American policy is perhaps not so exceptional here. Many political regimes are experiencing something similar. The dominant parties of center-right and center-left complexion find themselves challenged by the left and the right, sometimes by a more clearly socialist left and a right which is in direct and obvious continuity with the fascist formations of the past. This version of liberalism often referred to as neoliberalism finds itself under pressure from its former rivals, both of which can in turn be seen as competing versions of a democratic challenge. In some cases, as in Greece, the democratic force of the left has prevailed; in others, such as Poland or Hungary, the democratic force of the right has prevailed. In Austria, the presidential election ended up being a hotly contested affair between the environmental candidate and a far-right neo-fascist.

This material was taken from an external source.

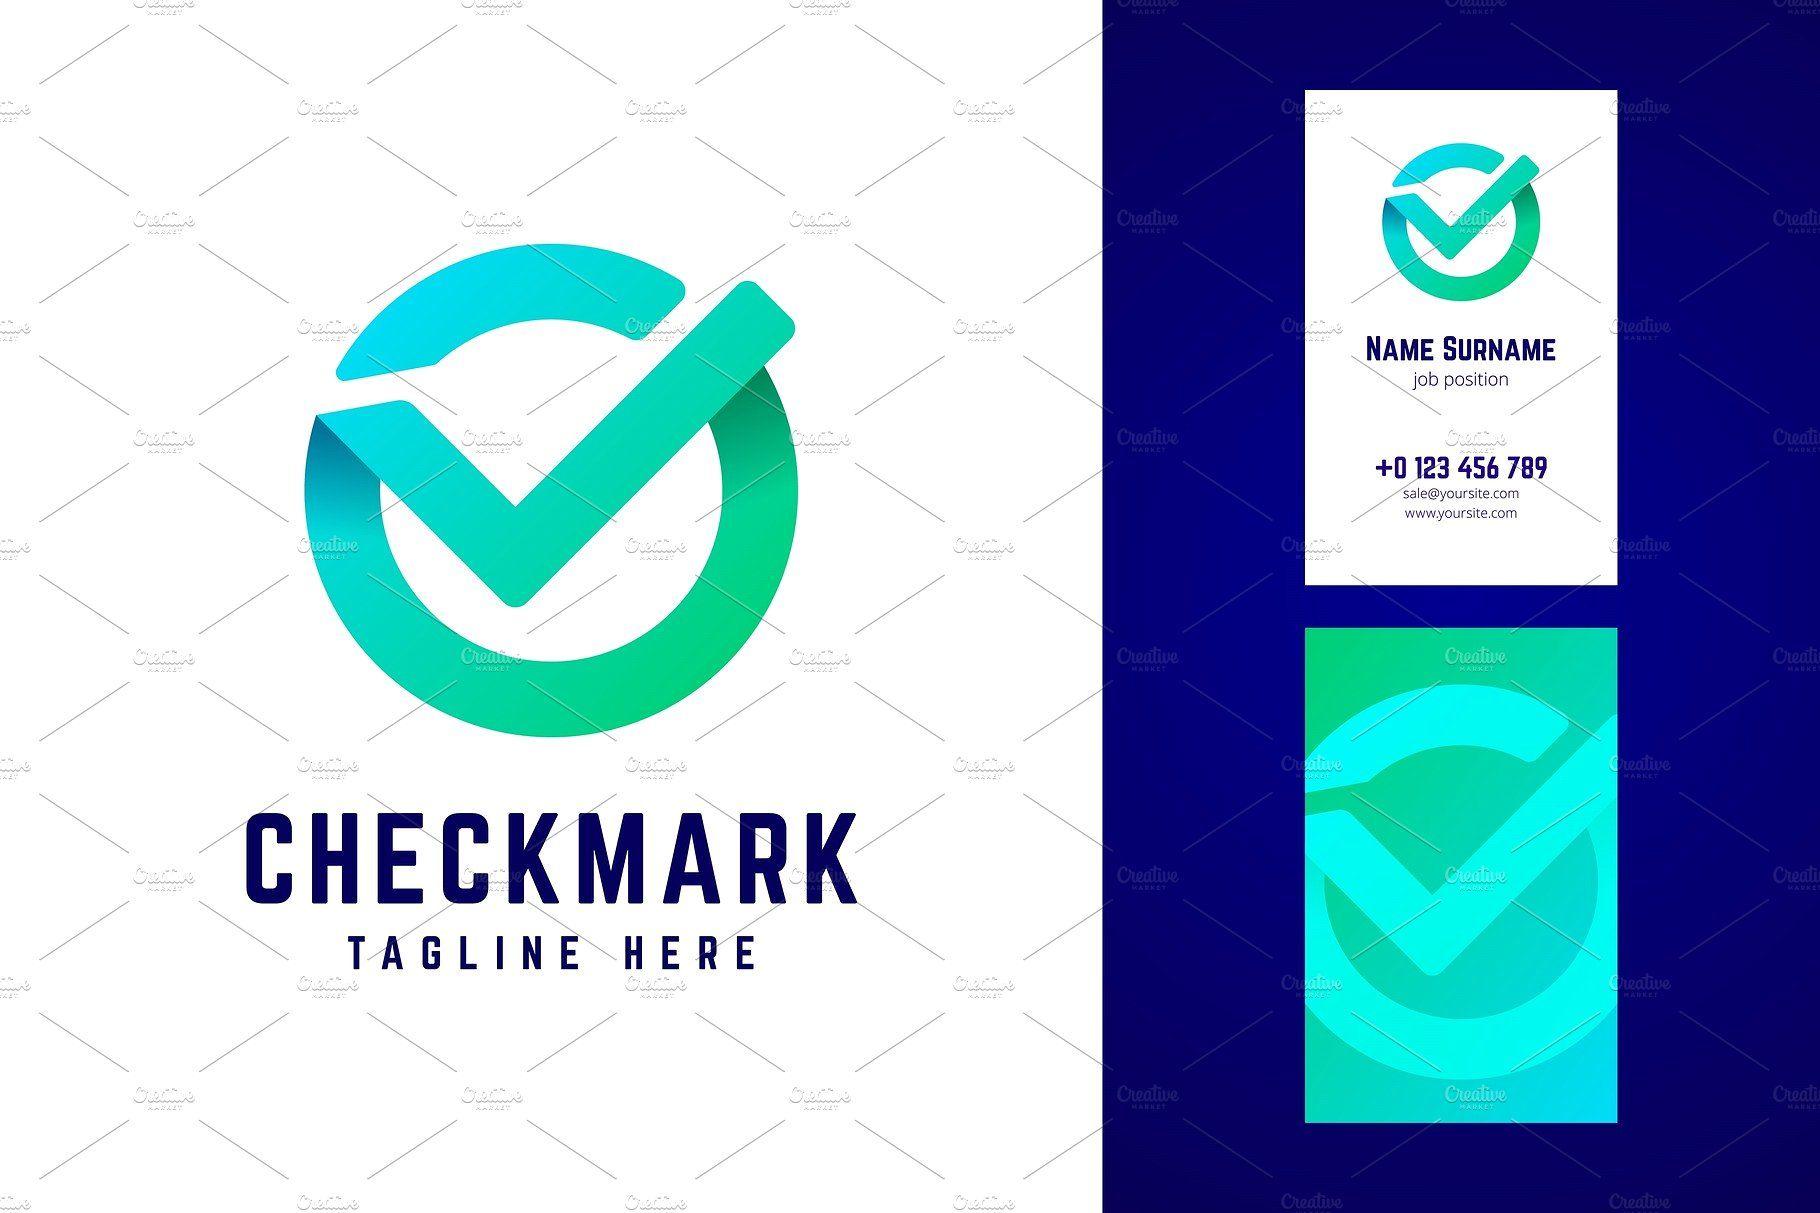 Checkmark Logo - Check mark logo and business card Logo Templates Creative Market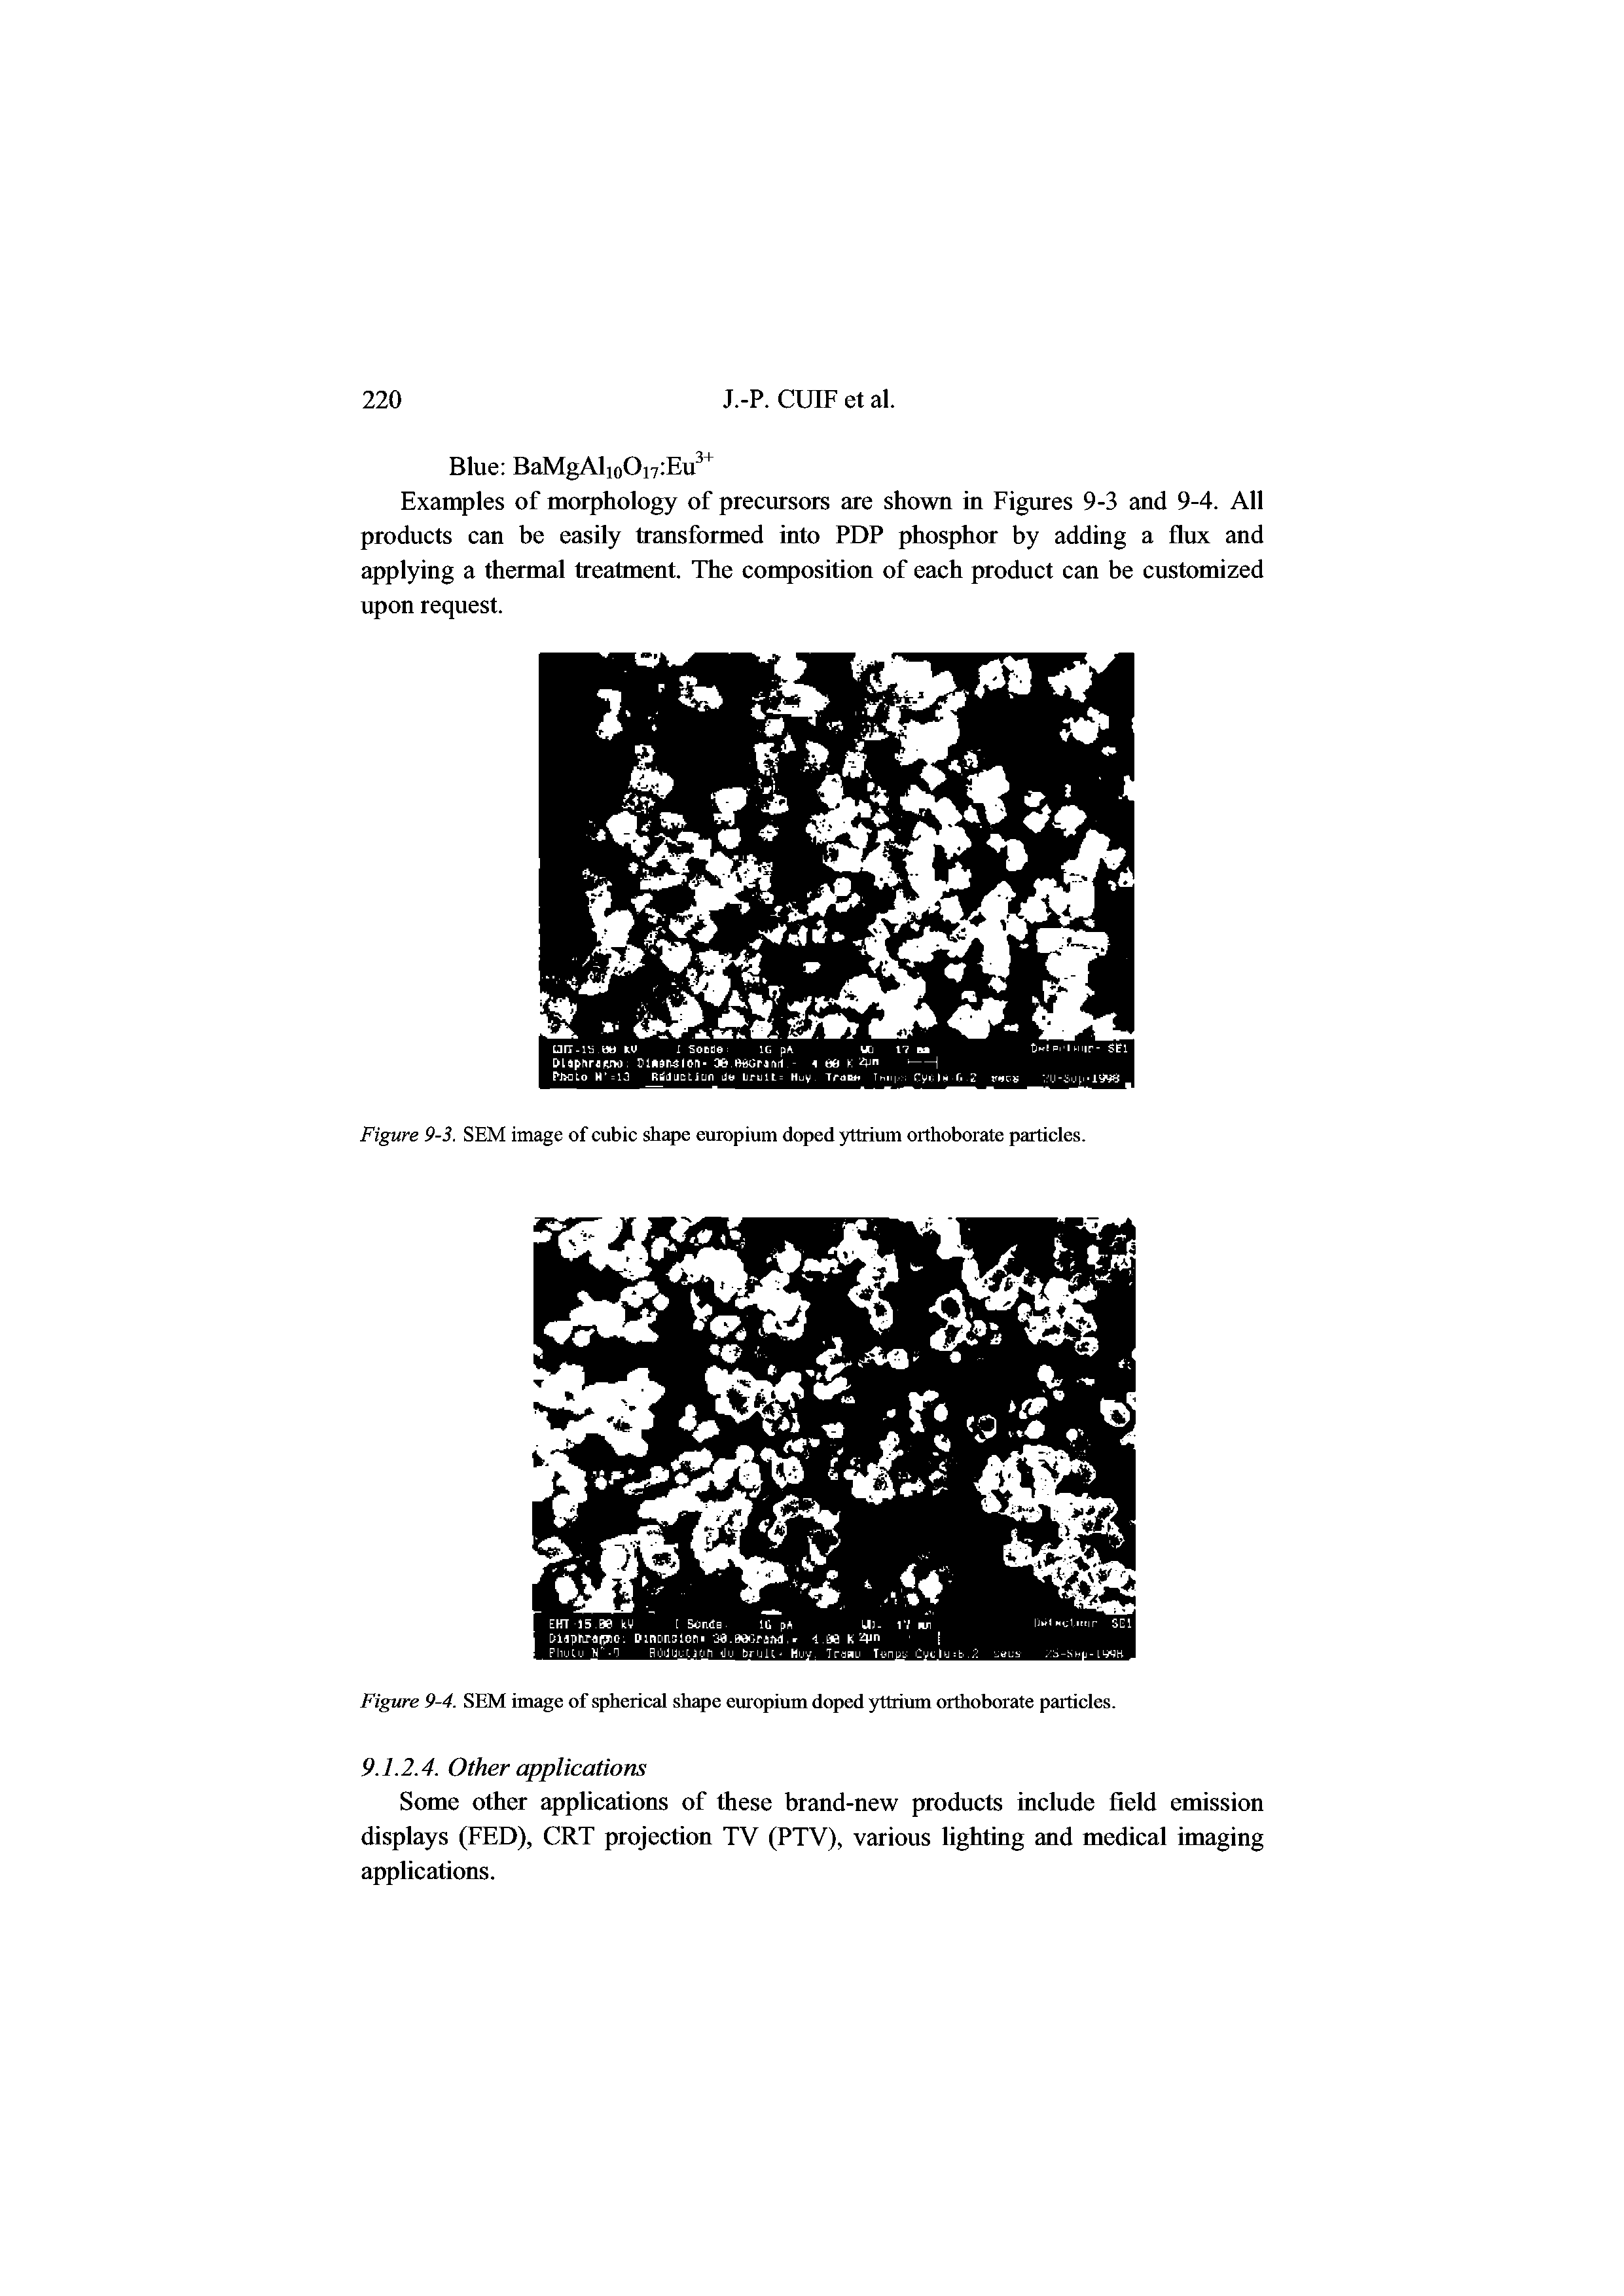 Figure 9-3. SEM image of cubic shape europium doped yttrium orthoborate particles.

Two different types of stress could separate liberal democracy. One is austerity. A regime stripped of at least regulatory functionality in favor of financial plunder provokes backlash against the liberal side of liberal democracy to which class and nation versions of democracy may appear as an alternative. In Greece, for once, it favored the demonstrations of the left, although once Syriza was elected, it turned out that there was not much they could do – or were ready to do. – about austerity.

The other stress is the global refugee crisis. It now seems reasonable to say that climate change is adding to the usual series of geopolitical shenanigans leading to destabilization on the fringes of the imperial system. Aridity is spreading in North Africa, the Middle East and Central Asia. Millions of people are on the move. Both in the states of the European Union and in Australia, the right-wing versions of the protests as a shared national affiliation are extremely popular. Both center-left and center-right parties find themselves forced to accommodate these right-wing protests into otherwise liberal versions of politics, more concerned with turning the wheels of commerce.